- _Dataset excerpt_
>>>
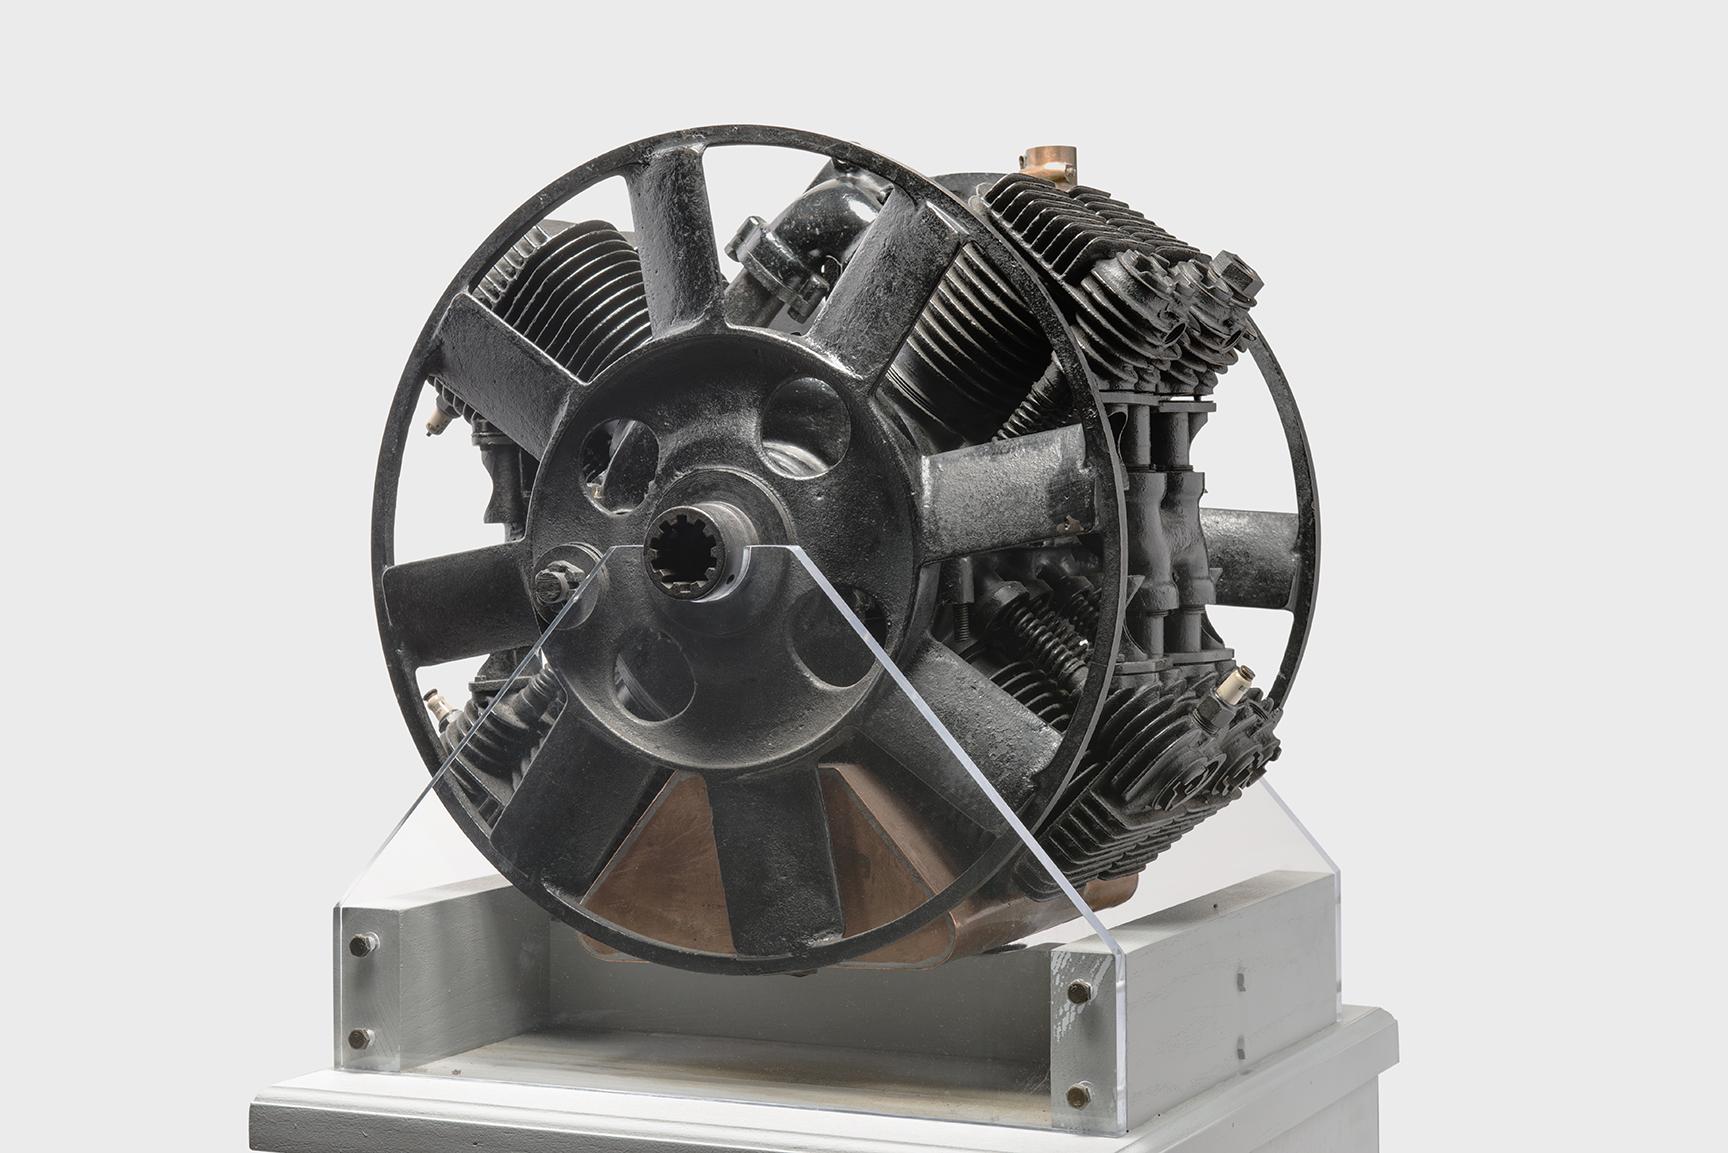 1925 Ford X-8 Engine
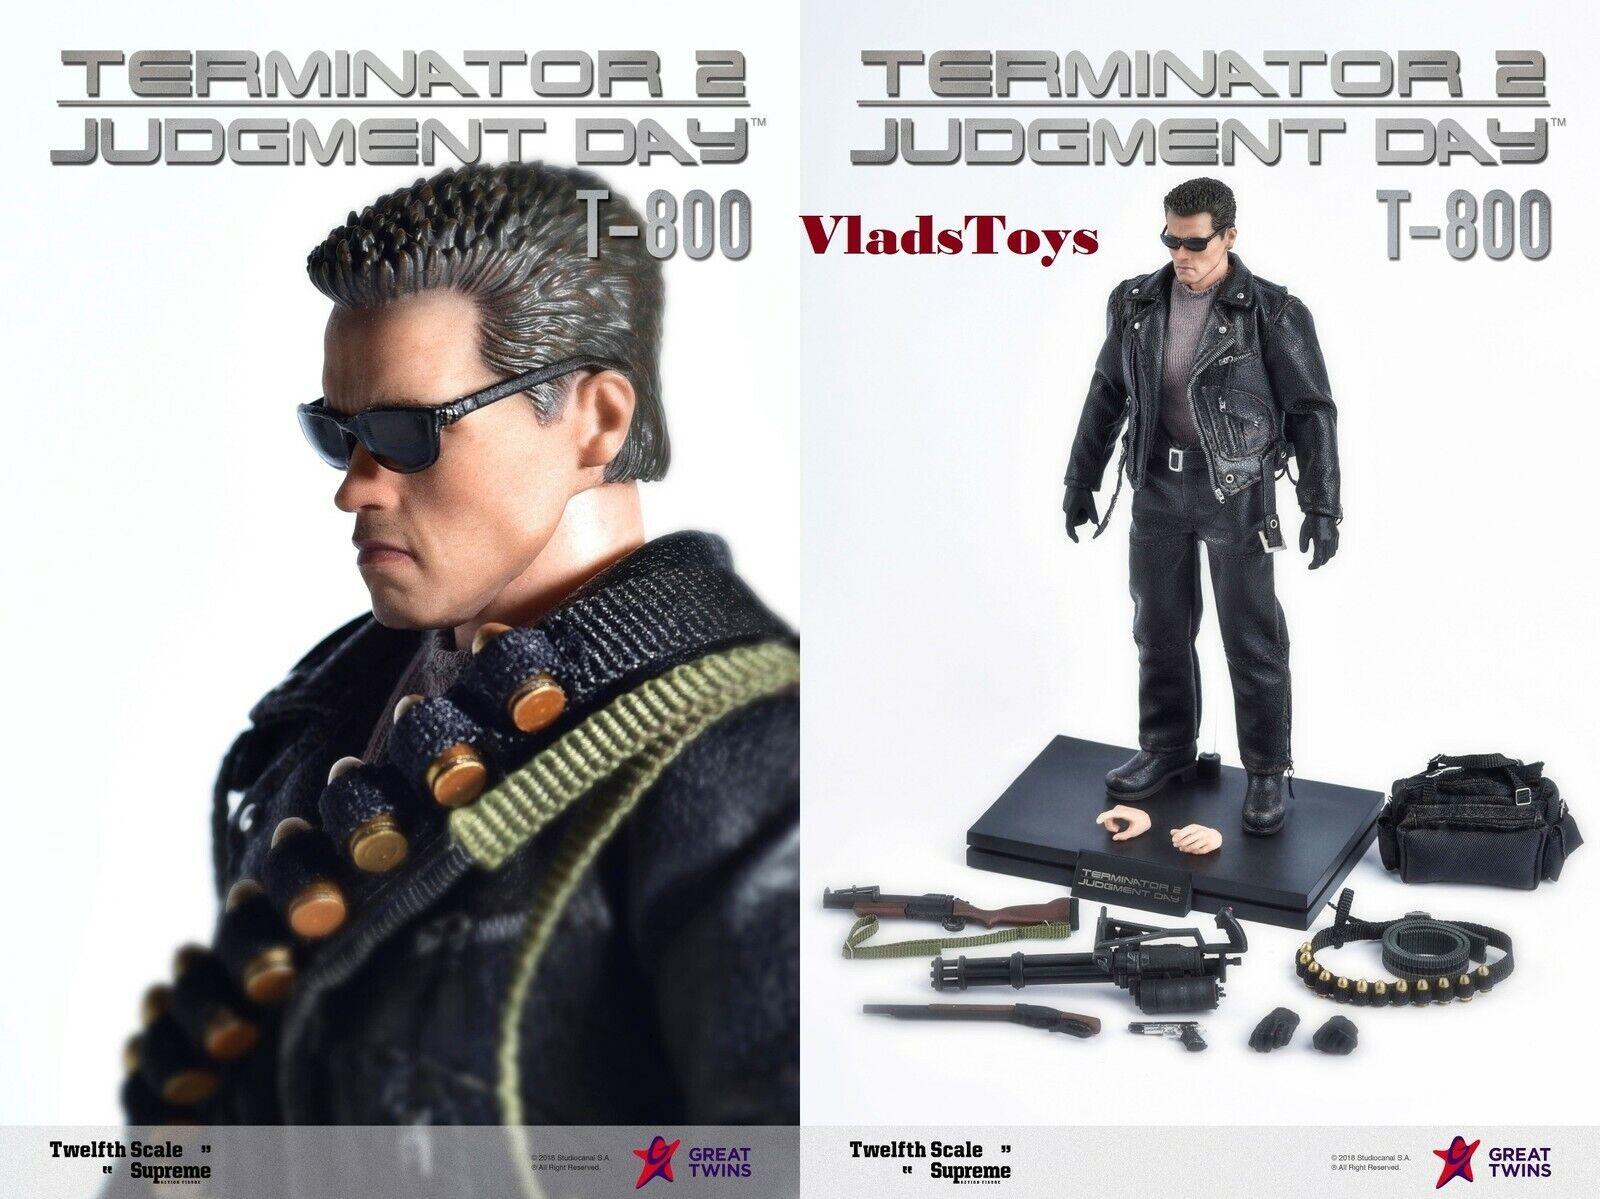 Terminator 2 Judgement Day T-800 Figura Arnold negroenegger 1 12 Gran Twins
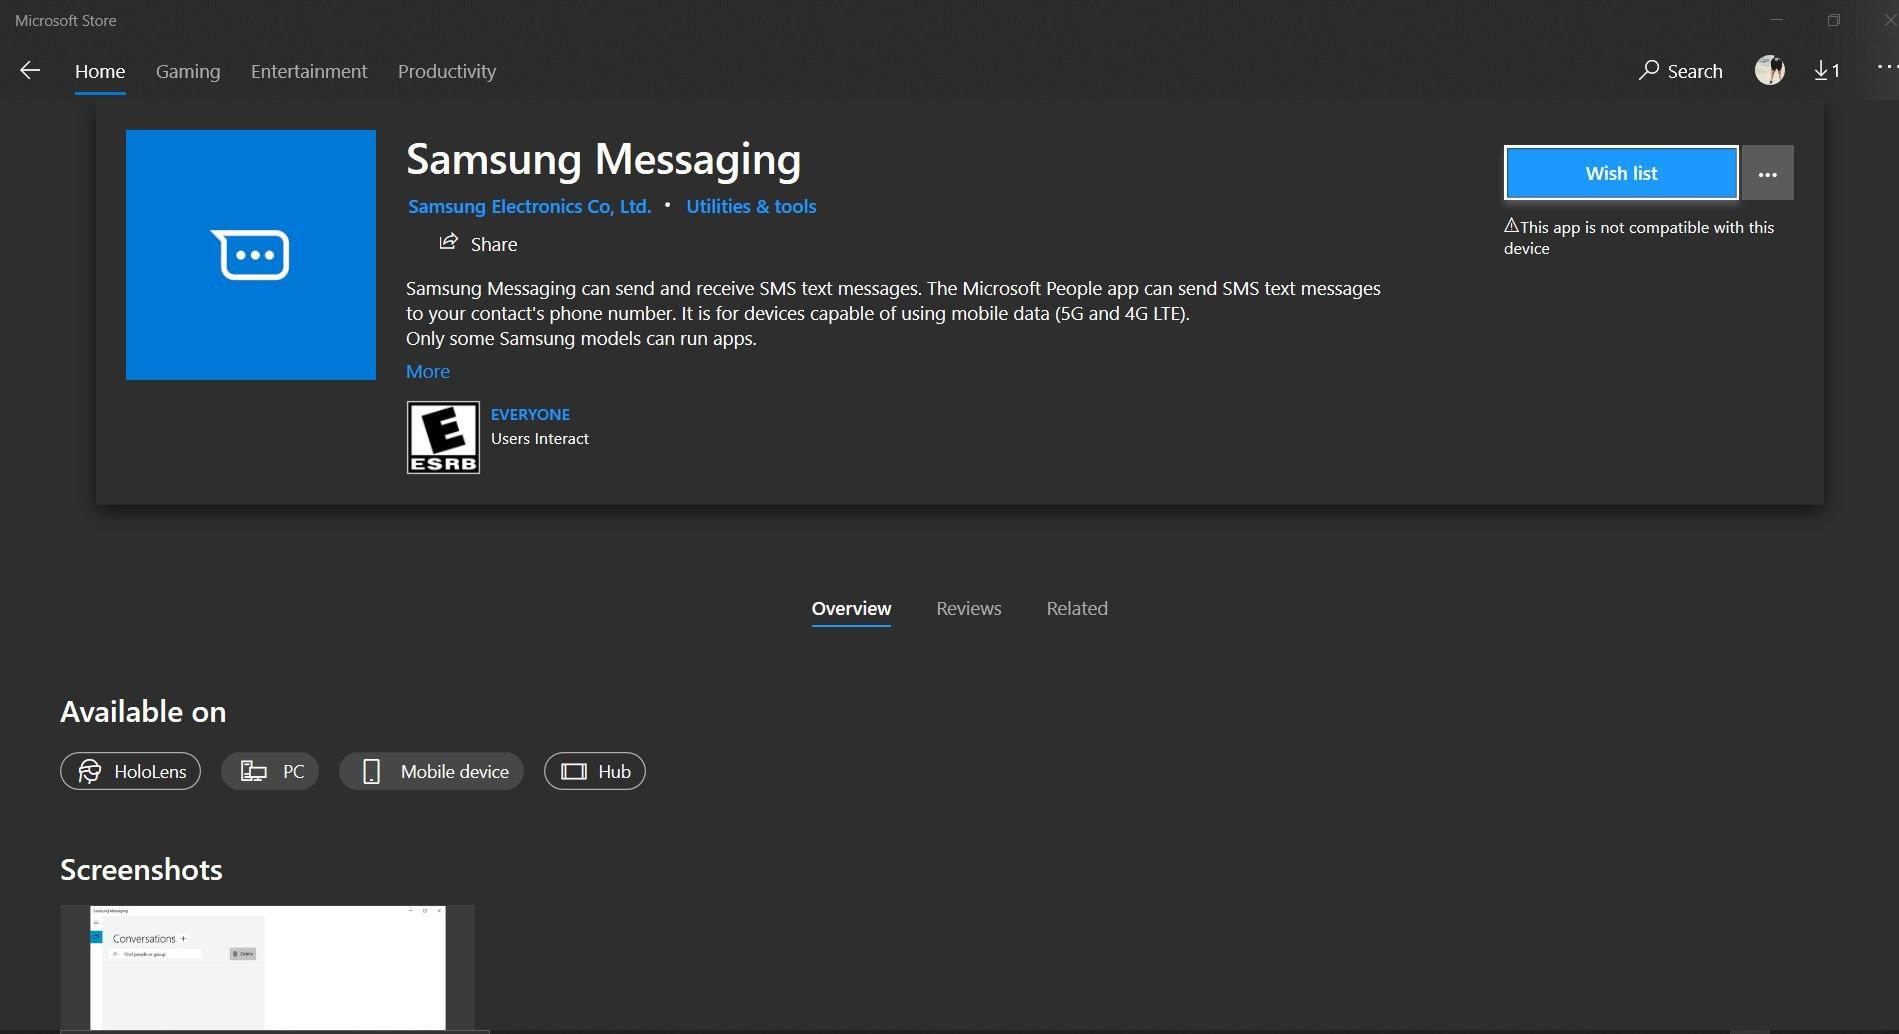 Samsung Messaging
<<<
- _What to do_
When copying, output the data exactly and leave out the pictures.

- _Written response_
 1925 Ford X-8 Engine
 Terminator 2 Judgement Day T-800 Figura Arnold negroenegger 1 12 Gran Twins
 Samsung Messaging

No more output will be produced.